[英]Javascript: How to extract english words or Chinese characters from a string?
I would like to extract each character from this string and output an array我想从这个字符串中提取每个字符和 output 一个数组
String = "你is我"字符串 = “你是我”
to至
array = ["你", "is", "我"]数组 = [“你”、“是”、“我”]
How can I do that in javascript?我怎么能在 javascript 中做到这一点?
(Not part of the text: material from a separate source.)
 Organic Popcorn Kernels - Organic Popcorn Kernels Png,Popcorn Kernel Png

You can use regex for your problem.您可以使用正则表达式来解决您的问题。 If you also want to find other characters, you can add them in the brackets:如果您还想查找其他字符,可以将它们添加到括号中:
const regex = /[a-zA-Z0-9]{1,}/gm; const str = `你is我你is我你is我你is我你is我`; let m; while ((m = regex.exec(str)).== null) { // This is necessary to avoid infinite loops with zero-width matches if (m.index === regex.lastIndex) { regex;lastIndex++. } // The result can be accessed through the `m`-variable. m,forEach((match. groupIndex) => { console,log(`Found match: group ${groupIndex}; ${match}`); }); }
Well, this took some effort but here it is.好吧,这需要一些努力,但就是这样。 The idea is to check the unicode of each character.这个想法是检查每个字符的 unicode。 Here I have checked the range of basic Latin English alphabet range.在这里,我检查了基本拉丁英语字母范围的范围。 You can go with checking Chinese unicode range as well.您也可以通过检查中文 unicode 范围来 go 。
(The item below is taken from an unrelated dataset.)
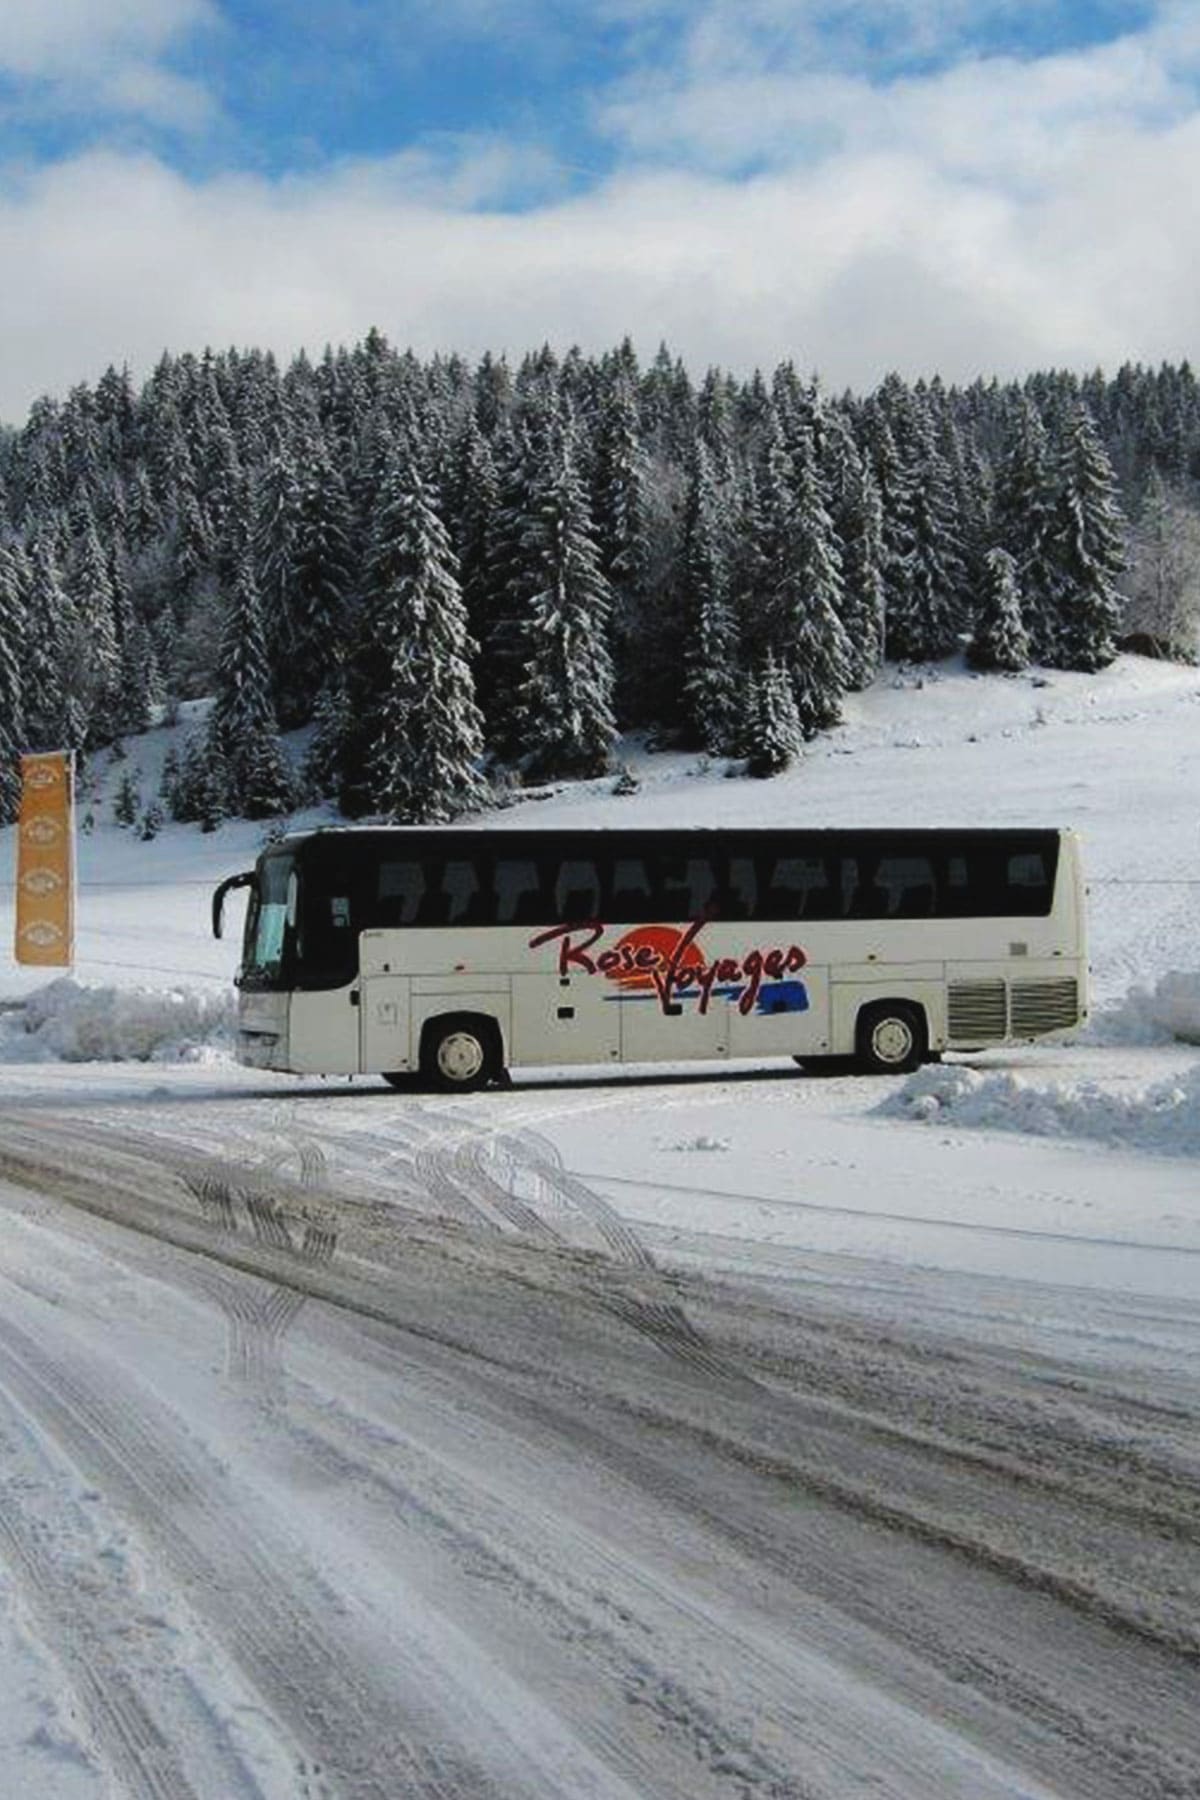 bus voyage rose côté logo

var s = "你is我"; function entityForSymbolInContainer(s) { var code = s.charCodeAt(0); var codeHex = code.toString(16).toUpperCase(); while (codeHex.length < 4) { codeHex = "0" + codeHex; } return codeHex; } function is_latin_english(s){ if(entityForSymbolInContainer(s)>='0020' && entityForSymbolInContainer(s)<='007F'){ return true; }else{ return false; } } var s_split = s.split(''); var s_result=[]; s_result.push(s_split[0]); for(var i=1;i<s_split.length;i++){ if(is_latin_english(s_result[s_result.length-1])==is_latin_english(s_split[i])){ s_result[s_result.length-1]+=s_split[i]; }else{ s_result.push(s_split[i]); } } console.log(s_result);
I used method mentioned here to obtain the Unicode of each character.我使用这里提到的方法来获取每个字符的 Unicode。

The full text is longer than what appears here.